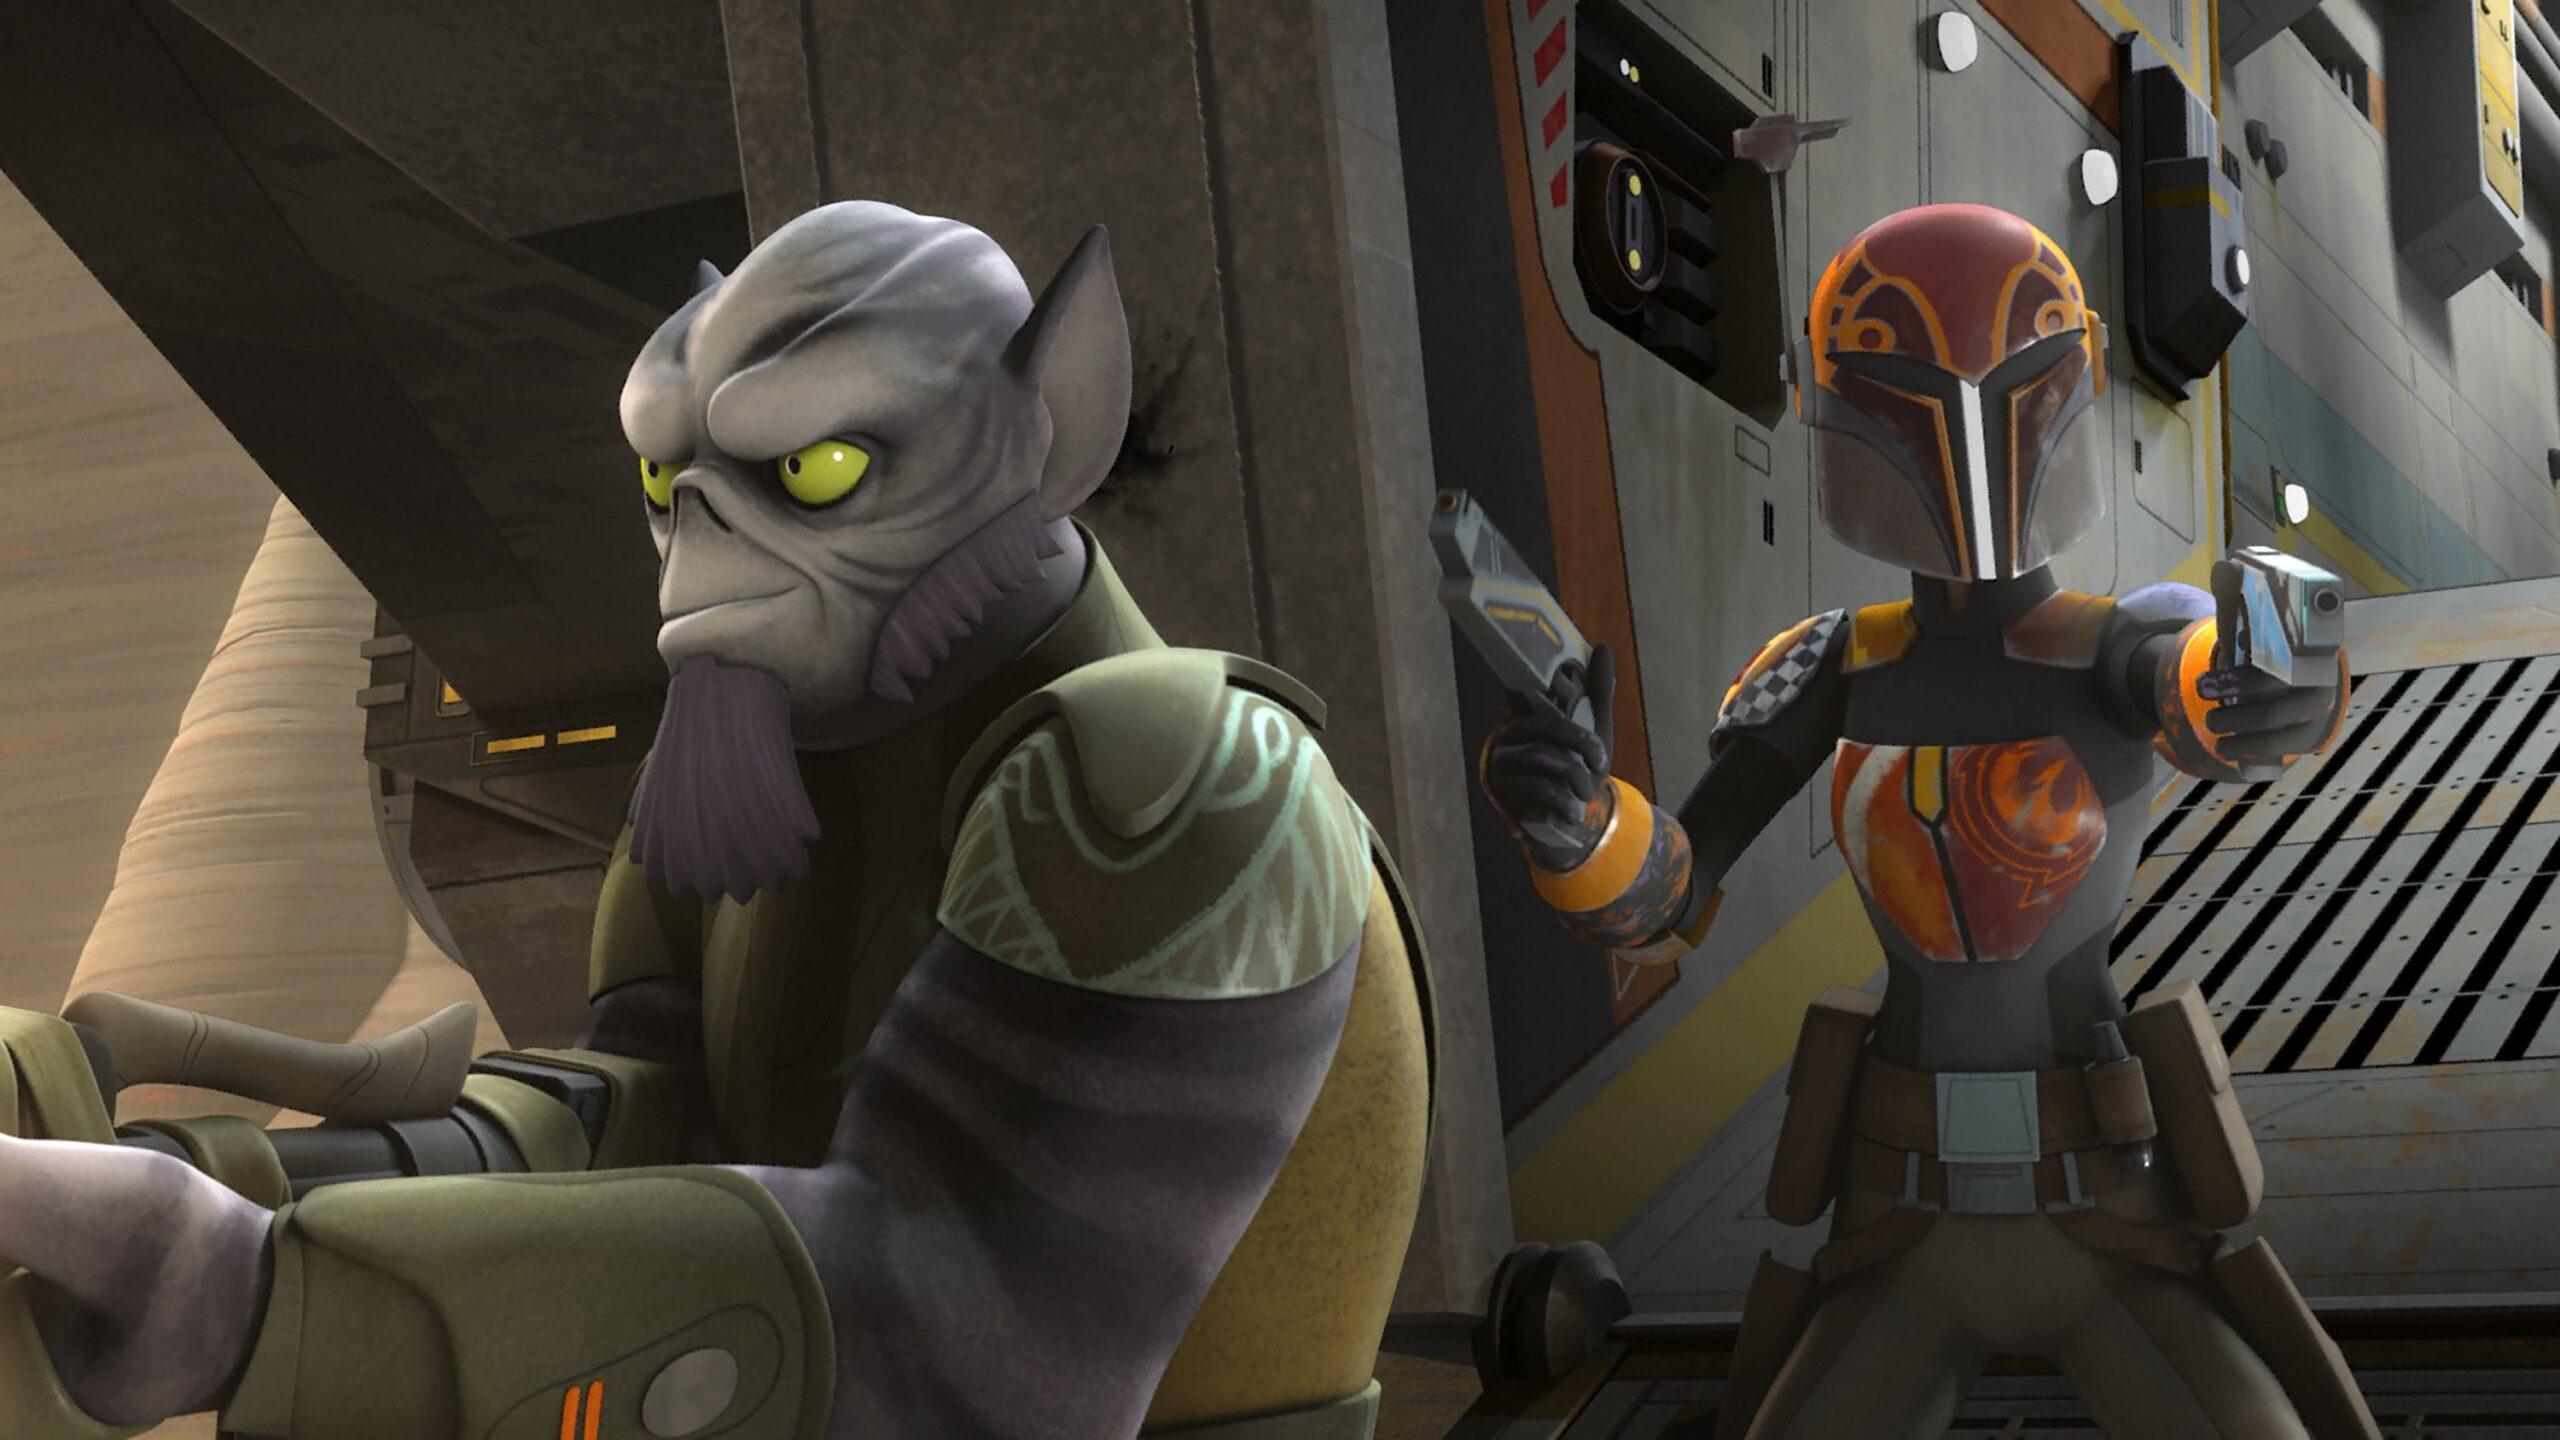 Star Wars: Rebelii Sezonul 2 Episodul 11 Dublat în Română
___
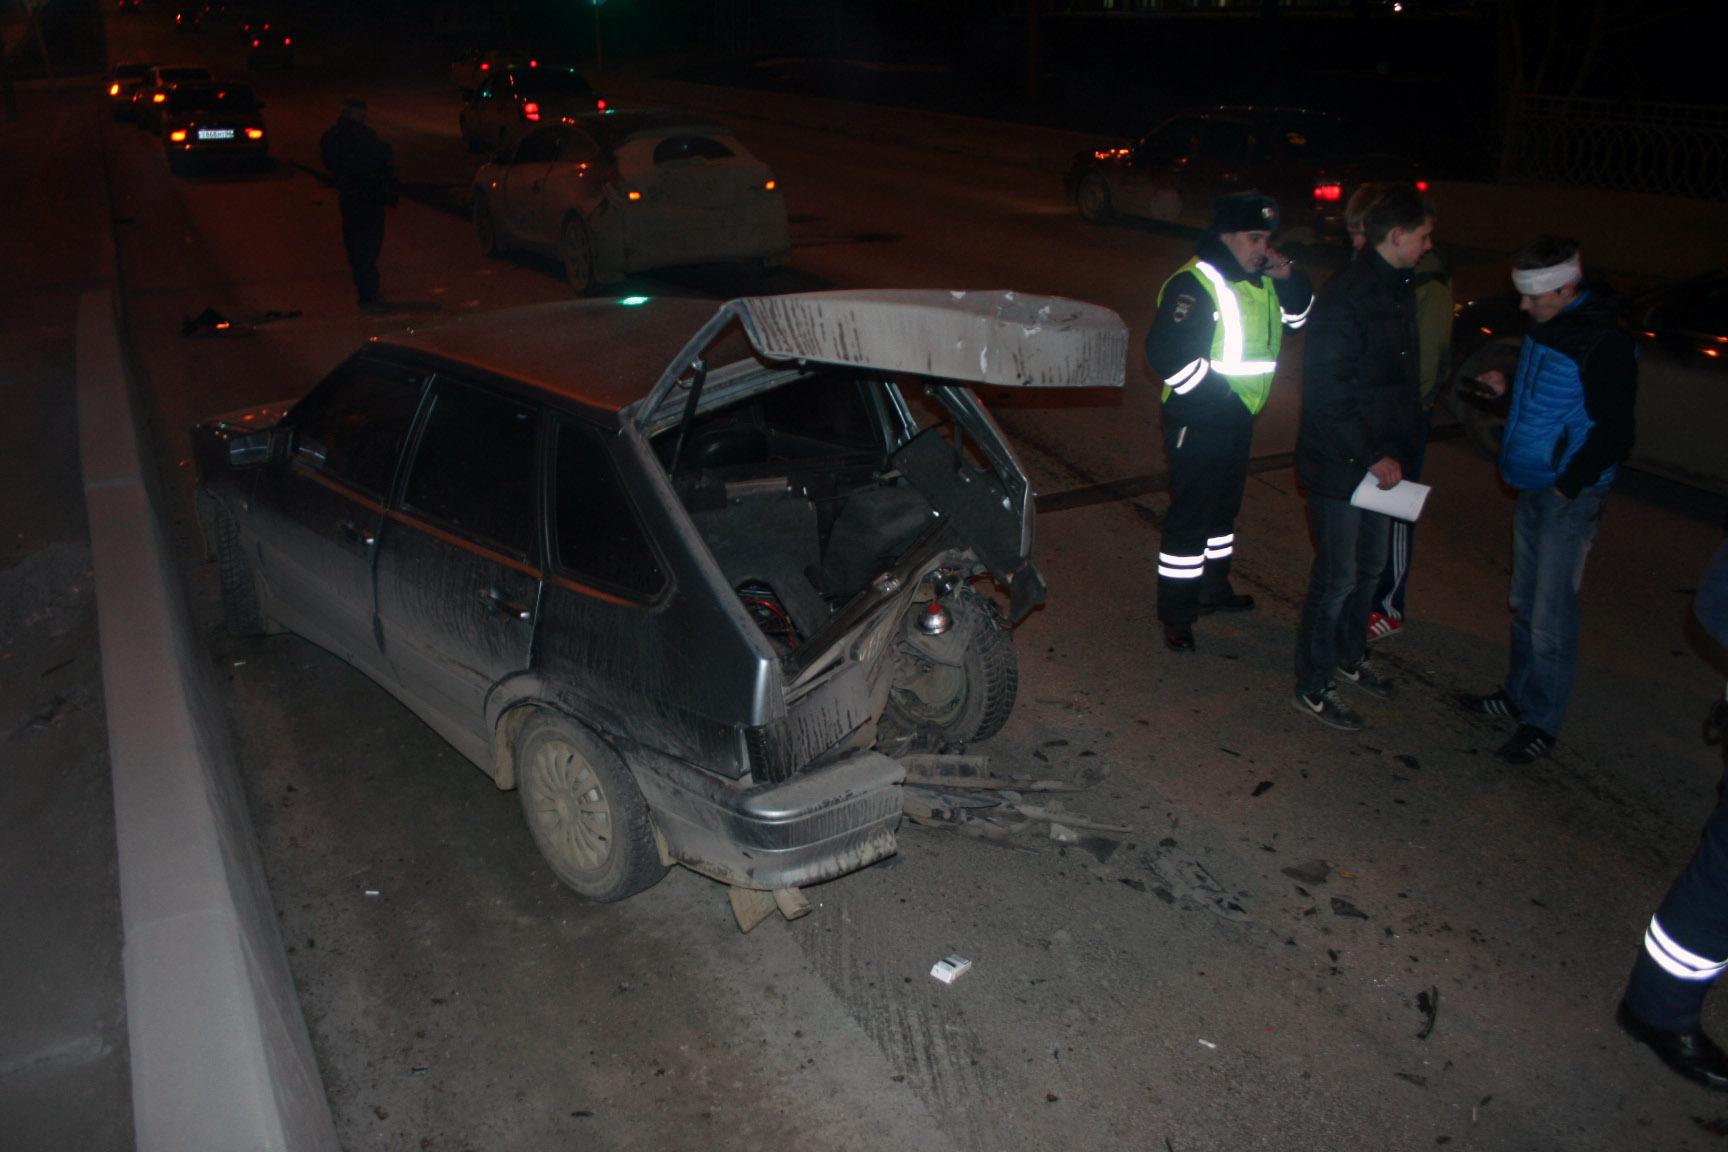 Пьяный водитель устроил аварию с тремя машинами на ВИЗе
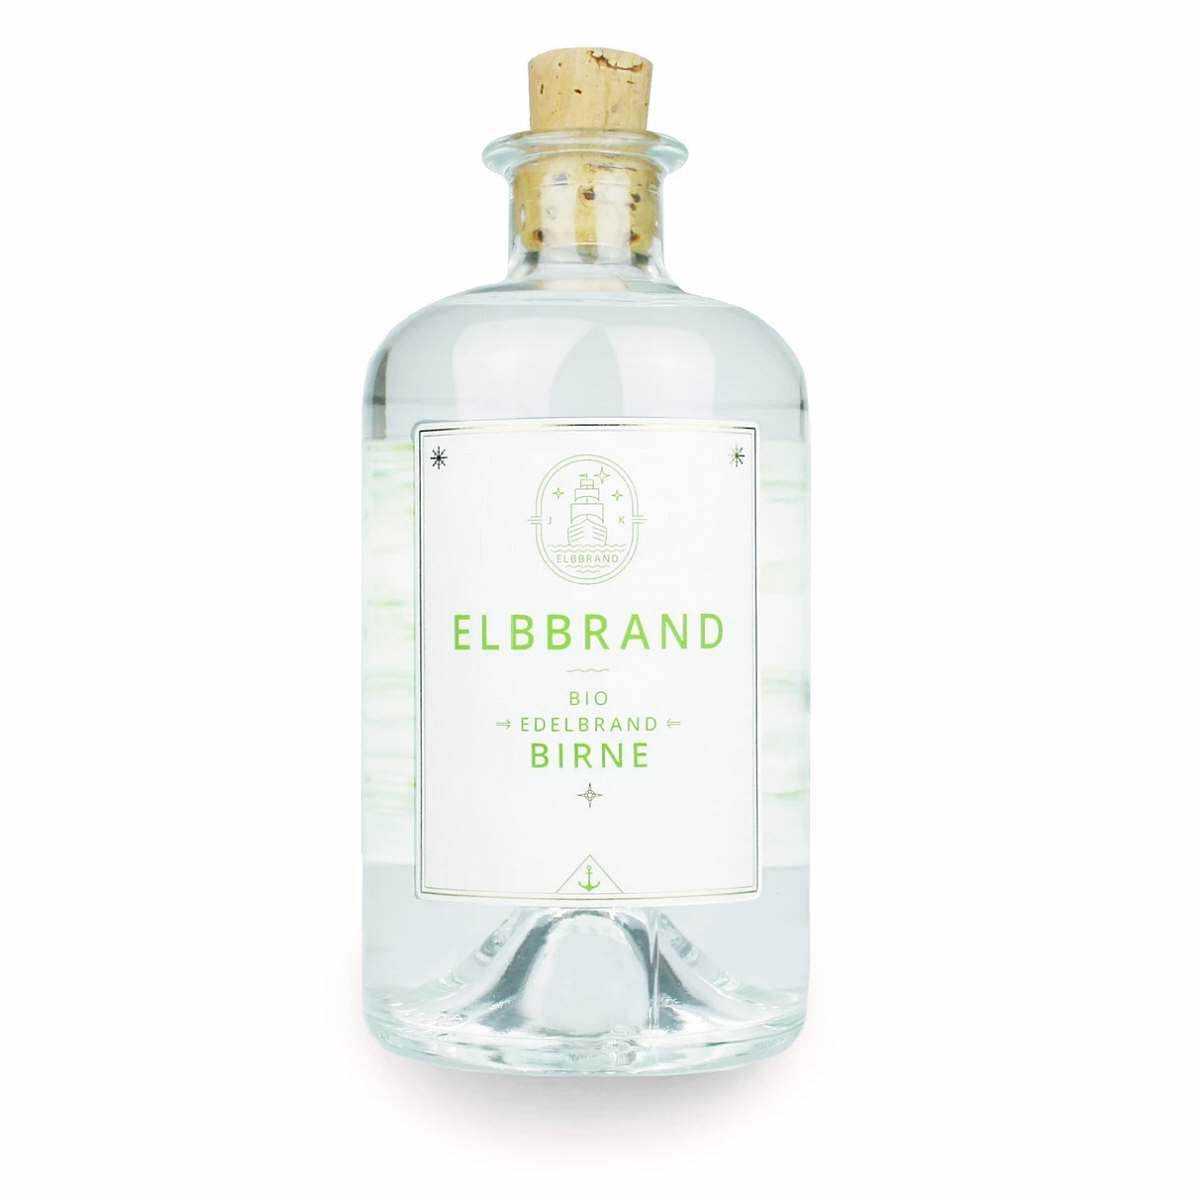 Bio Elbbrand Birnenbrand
___
### Brief
Reproduce exactly, with no pictures, the lines above from the one holding "Пьяный водитель устроил" to the one holding "Bio Elbbrand Birnenbrand", inclusive.

### Response for this exercise
 Пьяный водитель устроил аварию с тремя машинами на ВИЗе
 Bio Elbbrand Birnenbrand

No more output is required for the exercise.